Founded | June 4, 1975 in Washington, United States |
---|---|
Founder | United States Congress |
Type | Self-regulatory governmental organization |
Location | |
Products | Financial regulation of municipal bonds |
Fields | Financial services |
Website | www |
The Municipal Securities Rulemaking Board (MSRB) is a United States self-regulatory financial organization that writes investor protection rules and other rules regulating broker-dealers and banks in the municipal securities market. This including tax-exempt and taxable municipal bonds, municipal notes, and other securities issued by states, cities, and counties or their agencies to help finance public projects or for other public policy purposes.
The MSRB was created by the Section 15B of the Securities Exchange Act of 1934 (as amended by the Securities Acts Amendments of 1975, Pub. L. 94–29, and codified at 15 U.S.C. § 78o-4(b)) to create a mechanism for the regulation of municipal securities as well as brokers, dealers, and banks in the municipal securities business. [1] [2]

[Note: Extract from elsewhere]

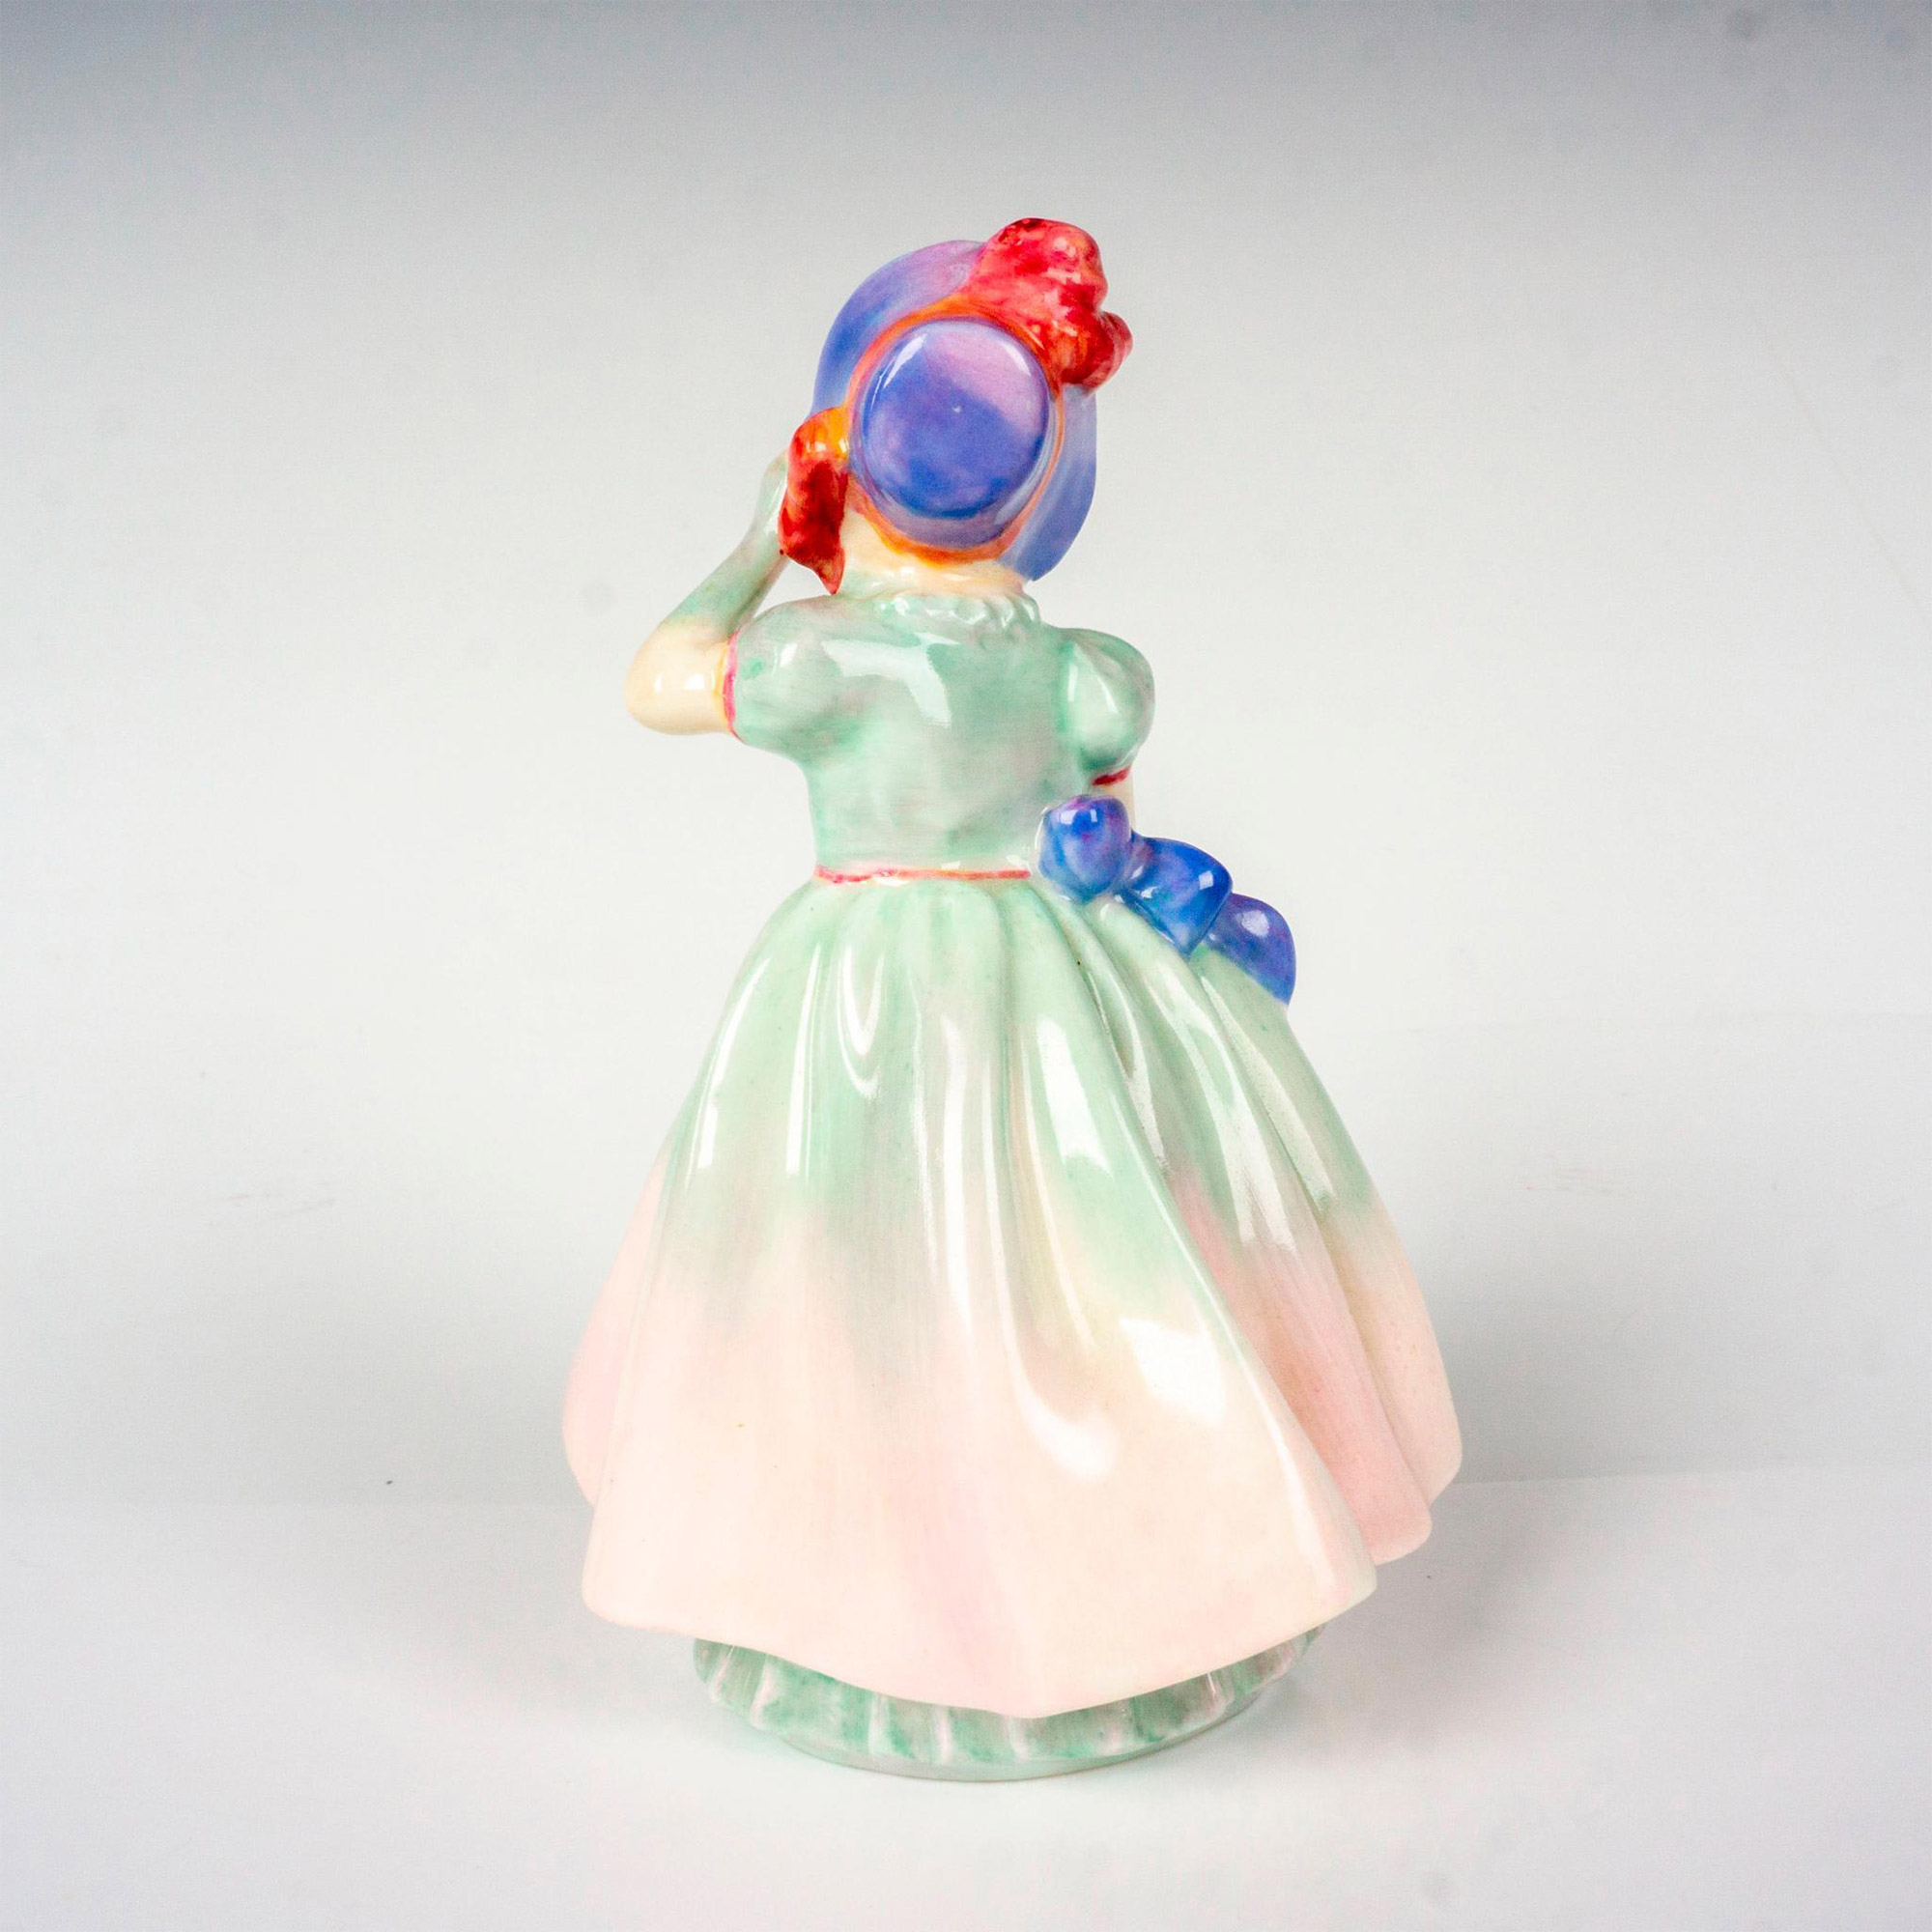 Babie - HN1679 - Royal Doulton Figurine - Image 2 of 3

The Dodd–Frank Wall Street Reform and Consumer Protection Act of 2010 broadened the MSRB's rulemaking authority to also regulate so-called municipal advisors, which include financial advisors, swap advisors, brokers of guaranteed investment contracts and other market participants that advise on the issuance of municipal securities and provide certain other types of advice to state and local governments, public pension funds and other municipal entities on municipal derivatives, investment strategies and other financial matters. As of March 2013 [update] , since the SEC has not released the definition of "municipal advisor", the MSRB's rules in this regard are suspended and there is considerable concern in the industry as to whether underwriters and/or other regulated professionals may be viewed as municipal advisors, thereby having the related fiduciary duties. The MSRB's investor protection rules will be extended to protect municipal entities as well.

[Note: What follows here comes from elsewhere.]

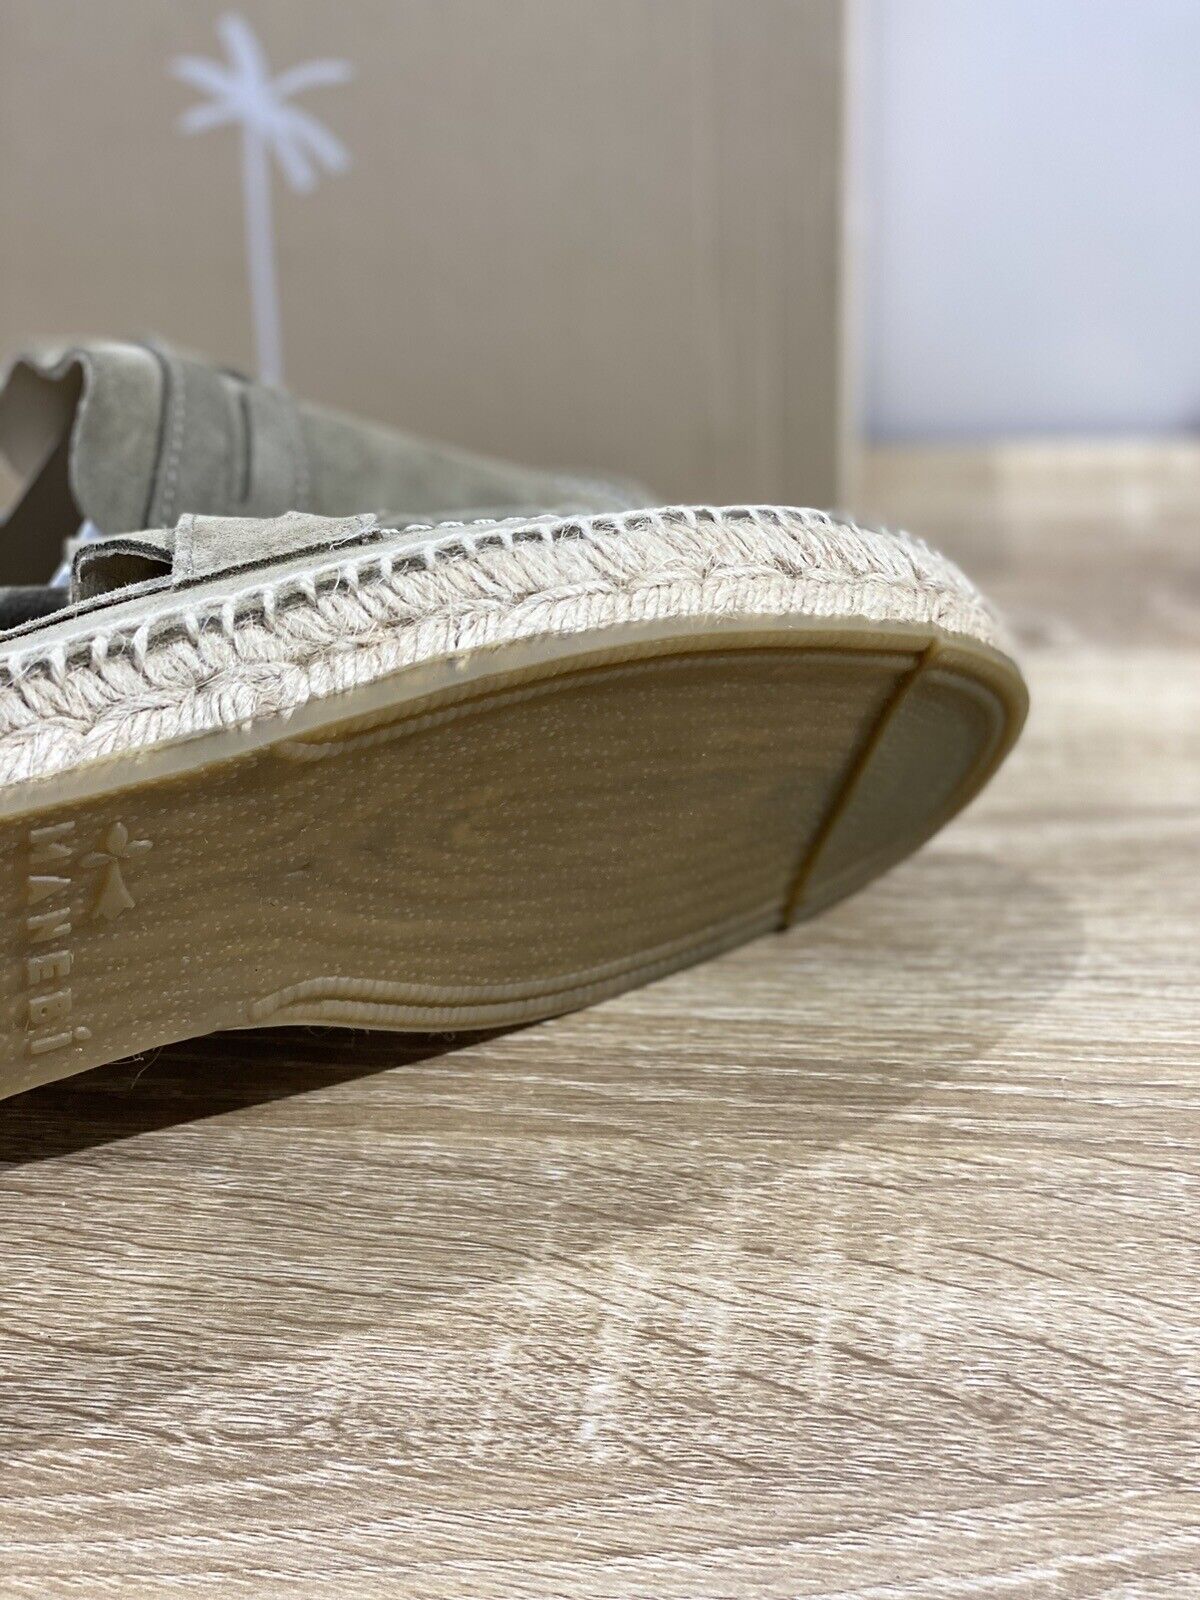 Manebi’ Uomo Espadrilles Mocassino Suede Beige Casual Summer Shoes 40

Like the Financial Industry Regulatory Authority (FINRA), the MSRB is a self-regulatory organization that is subject to oversight by the Securities and Exchange Commission (SEC). [3] The MSRB is authorized to create rules designed "to prevent fraudulent and manipulative acts and practices, to promote just and equitable principles of trade, to foster cooperation and coordination with persons engaged in regulating, clearing, settling, and processing information with respect to, and facilitating transactions in municipal securities, to remove impediments to and perfect the mechanism of a free and open market in municipal securities, and, in general, to protect investors and the public interest." [4] While the MSRB sets standards for broker-dealers, banks, and municipal advisors, MSRB rules do not apply to issuers of municipal securities or other municipal entities, which Congress generally exempted from most provisions of the federal securities laws (such as the Securities Act of 1933, the Securities Exchange Act of 1934 and the Investment Company Act of 1940) otherwise applicable to private-sector issuers of corporate and other types of securities. [3] MSRB rules are enforced by various other federal regulatory organizations, including the SEC, FINRA, the Federal Reserve System, the Federal Deposit Insurance Corporation (FDIC) and the Office of the Comptroller of the Currency (OCC). [5]

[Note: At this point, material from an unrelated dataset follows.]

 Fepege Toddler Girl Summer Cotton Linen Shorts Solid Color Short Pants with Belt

Among its investor protection rules, the MSRB is best known for adopting the first nationwide Pay to Play rule, known as Rule G-37, designed to eliminate the use of political contributions to obtain municipal underwriting business from state and local governments. The MSRB's investor protection rules also apply to state-operated 529 plans marketed by broker-dealers, as well as to the underwriting, sales and trading of Build America Bonds and other taxable municipal obligations. In addition, the MSRB operates the Electronic Municipal Market Access (EMMA) system, which provides free on-line access to comprehensive municipal securities disclosure documents, trade prices, interest rate information, and market statistics.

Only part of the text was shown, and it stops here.